Anna was on the beach again, looking out over the water. So often she found herself in this sad, bleak place, more and more these days.

The water was gray and stretched on forever, with frothy white waves studded with the bald white heads of zombies, sticking up like spikes in a trap. Once her father had been here too, sitting on his island far out to sea. She would run to him over the frozen waves, but no matter how fast she ran she never drew any closer.

"Anna," he'd call back to her from his island, his voice reverberating like distant thunder. "Dear Anna."

The end of the world had stolen him from her, like it had stolen so much. Ten years later she'd crossed the world to find him, only for him to die a final time in her arms in a Mongolian desert, torn apart by a red demon that didn't even know his name.

Now he was gone, and so the beach had changed.

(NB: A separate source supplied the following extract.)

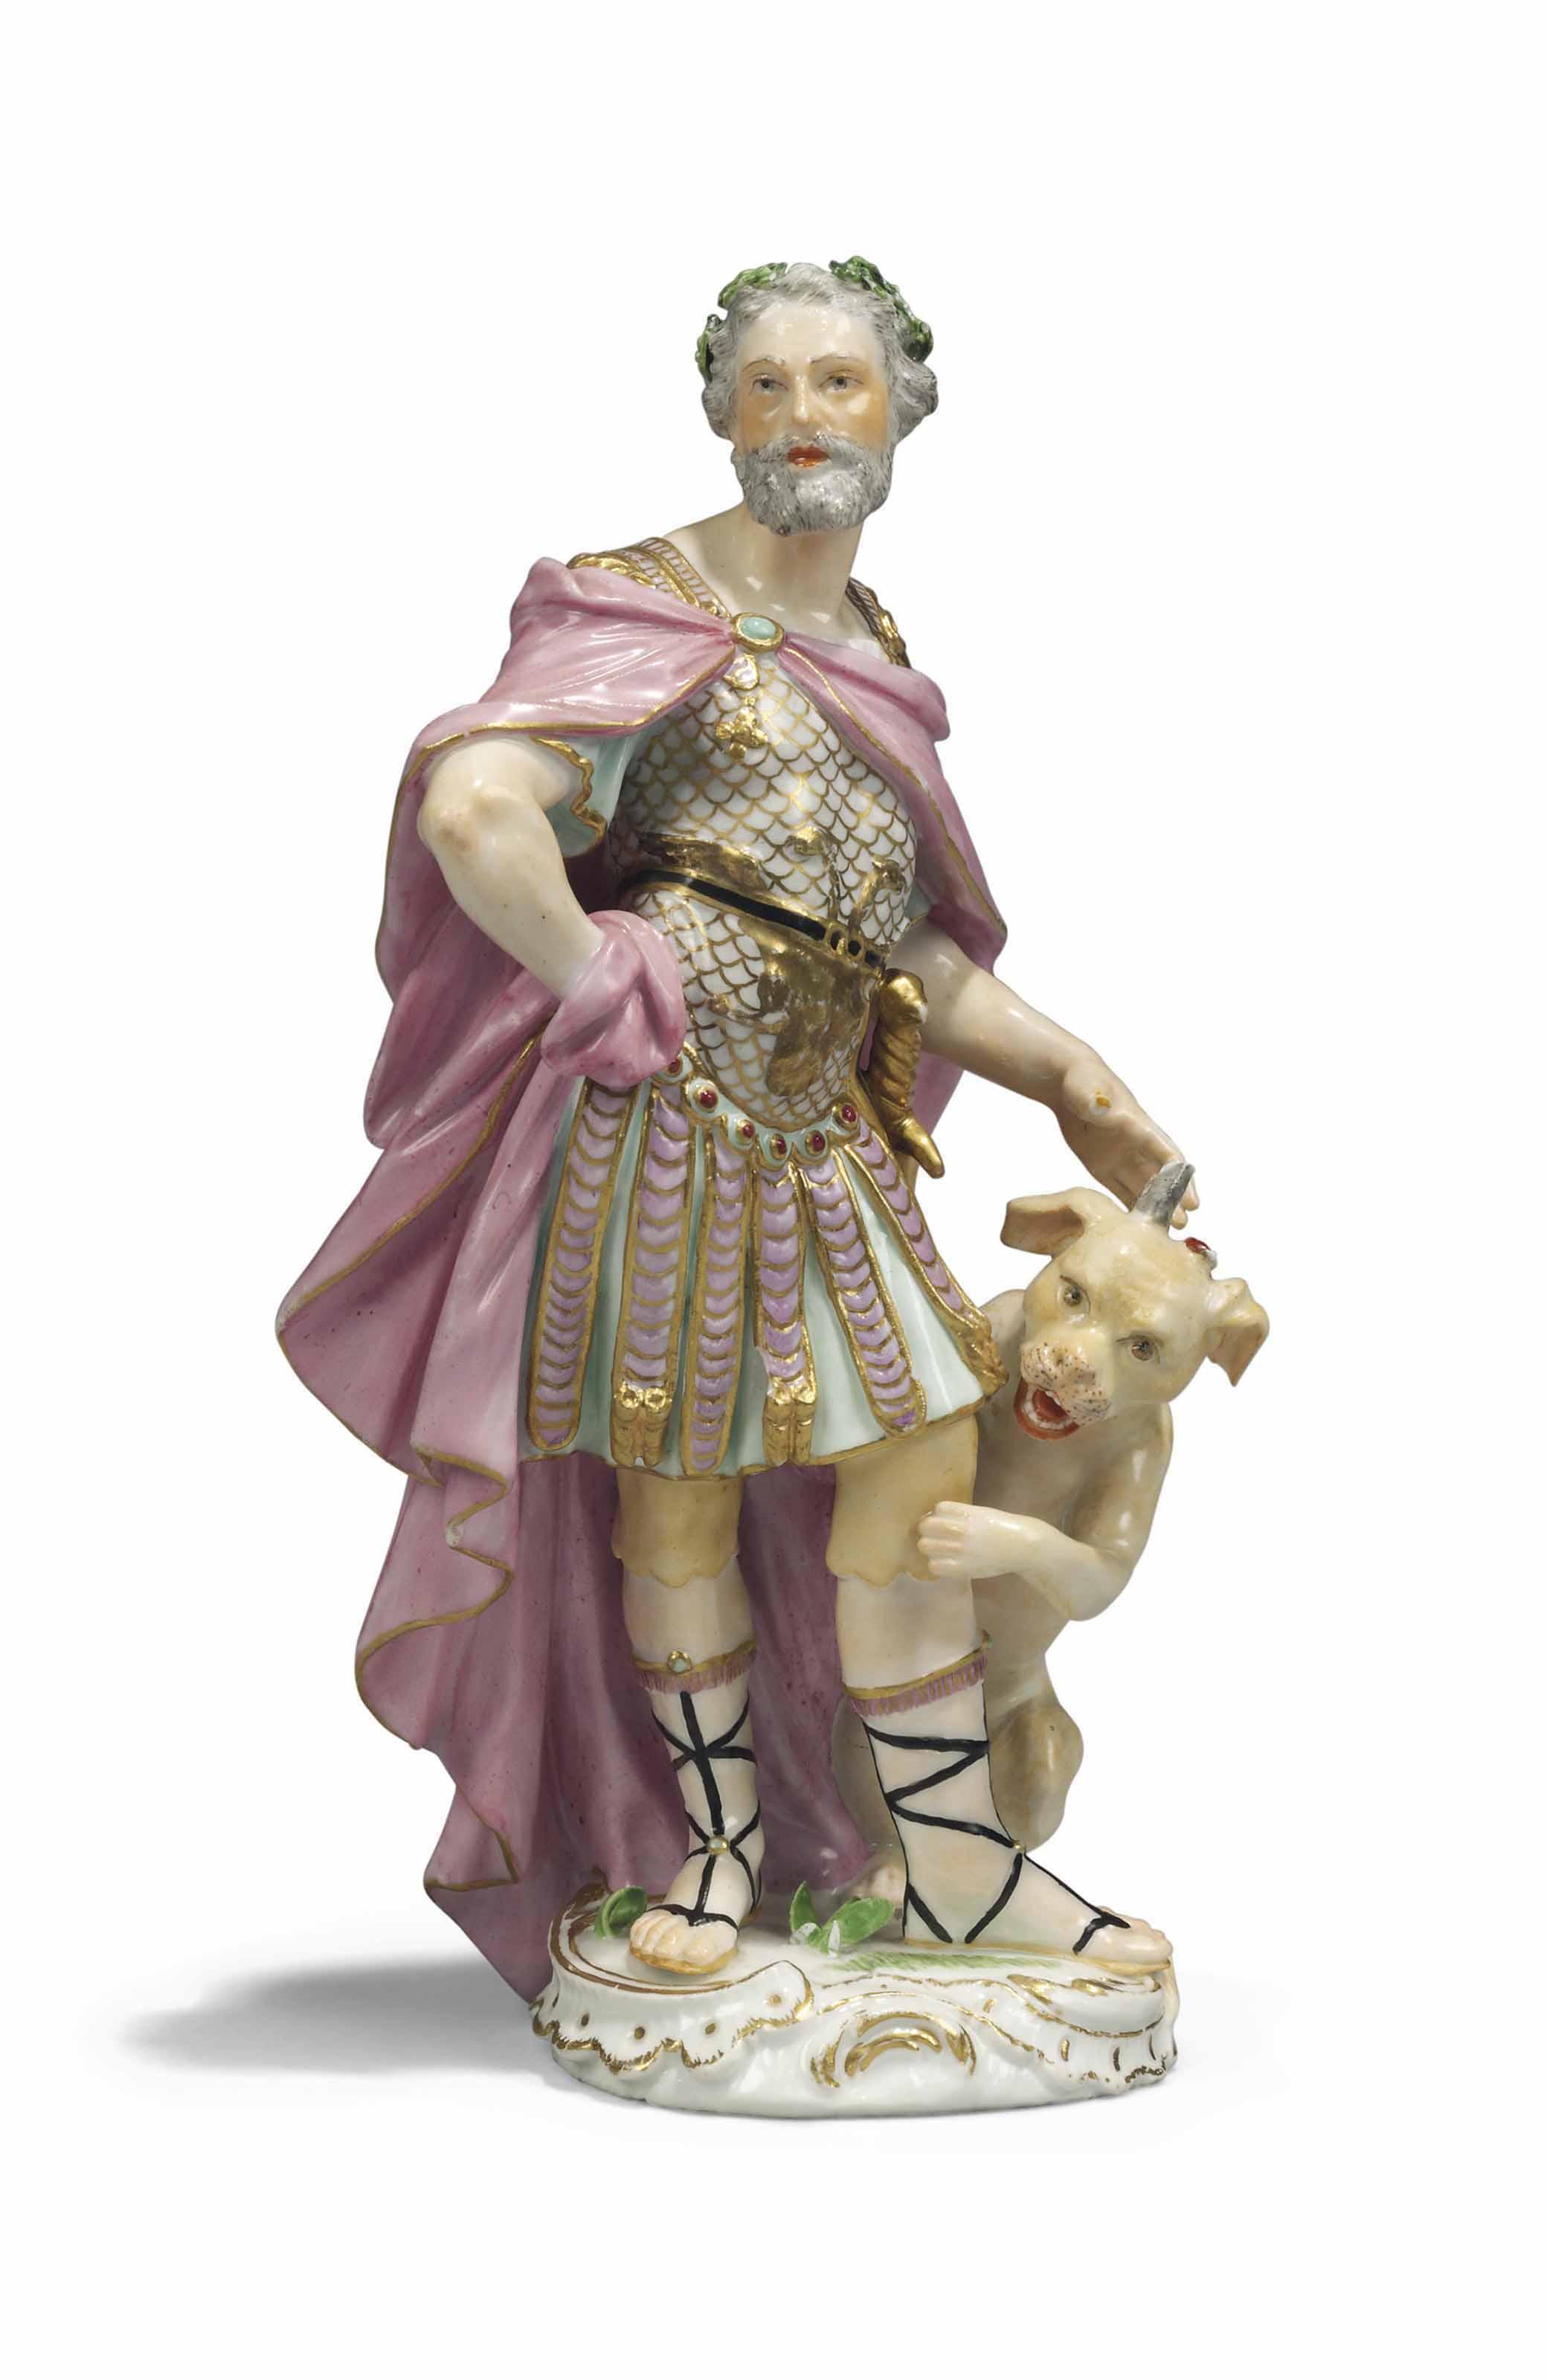 A MEISSEN FIGURE OF JULIUS CAE

There was a new figure crawling down by the water now, a deep black man who had loved her when they'd both needed love so much, who she'd abused and abandoned in return, who still wore the silver necklace of their mutual adoption round his neck.

Cerulean.

His face was red and featureless but for a gaping black hole where his mouth should be. His arms were massive and bulging with muscle, his legs trailed uselessly behind him, curled up like rotten old red peppers, and he was crawling down to the lapping water line. Every night he crawled down to the water, and every night the ocean gathered him in to its cold, killing embrace, and every night for a time the tide receded.

In this sacrifice he was saving her, she knew. Every night he drowned again and again to save her, but standing there on the edge of the beach, looking out to a sky black with billions of the dead, she didn't know if he'd managed to save her from anything at all.

She'd killed thousands of people. She'd lied, cheated and brought pain to the ones she loved. So many people had died, and so many more were going to die, because there was no stopping now. The ocean was there and she'd been drawn to it all her life, never able to escape the pull of its great weight. Now every time she came to this place the gray disc of the sun sank a little further down on the horizon, and the waves pulled a little further out, and the darkness came on a little more deeply.

Every time, she followed the tide out. She strode across the cold and lonely sands that the tide left behind, plunging into the night and the depths, searching for some lost thing that she couldn't ever name, and couldn't ever find.

* * *

Anna jerked awake in the too-hot bed, in the RV in Portland International Jetport, Maine. The bed was narrow and she was slick with sweat, trembling as it chilled off her skin in the cold spring air.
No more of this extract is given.